Details
-
Bug
-
Resolution: Fixed
-
Major
-
None
-
None
-
None
-
3
-
6320
Description
This bug is mainly open for information and to let the community aware, just in case ...
So, here is the story, running with our/Bull Lustre 2.1.2 version, customer started to report files corruptions where a Client can successfully create/write/re-read files until an other Client tries to access the same file.
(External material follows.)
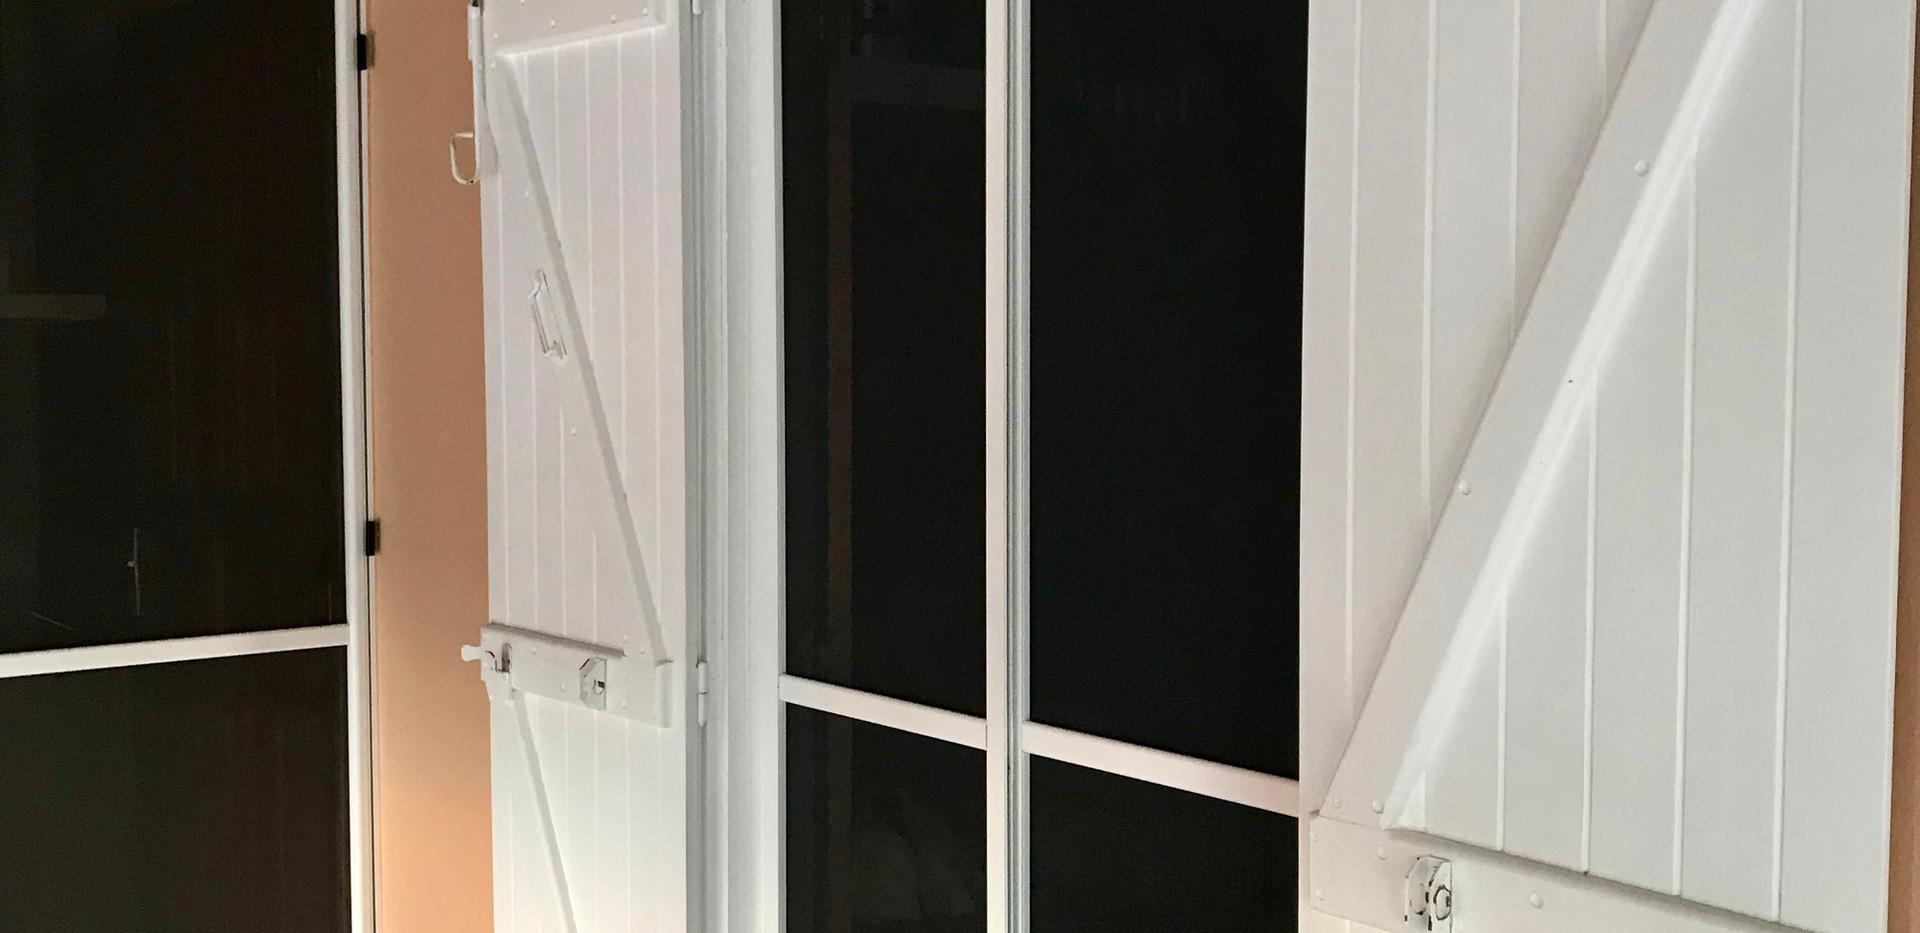 moustiquaire coulissante baie vitrée

At this time the files content became corrupted for all (missing blocks of data or zéro file-size ...) !!
On the other hand, the corruptions have been identified to occur only on OSTs/OSCs where the file-creator Client had no more grant ("/proc/fs/lustre/osc/<OST-import>/cur_
{dirty|grant|lost_grant}_bytes" are Null) and also they seem to never be automatically recovered but only when we run a small program doing O_DIRECT writes to these OSTs ...
Finally doing a full Lustre-trace of a program/command on a Client writing to these "zero-grant" OSTs, we found that the -EDQUOT was coming up during the cached-write standard path/routines and then the direct-IO path was attempted but ended with -EALREADY finally substitued with a successfull Null/0 return-value and no page written/flushed to the Server at all nor new grants recovered !!!
Having a look to the concerned source-code, this would only occur if the written page(s) was not set Dirty ...
Finally we found that this behavior/bug (missing "set_page_dirty()" vvp_io_commit_write() in case of -EDQUOT return from cl_page_add_cache() and implicit switch to direct-IO path/vvp_page_sync_io()) was not in Lustre v2.1.2 Base but has been introduced by patch from LU-1442 that our R&D included due to its high-level critical ...
This bug has been since fixed by LU-1703 that we (I mean Bull R&D) need to integrate asap !!!!
Also, I think that an explicit link/comment has to be added in LU-1442 to detail its running-dependency with LU-1703 patch.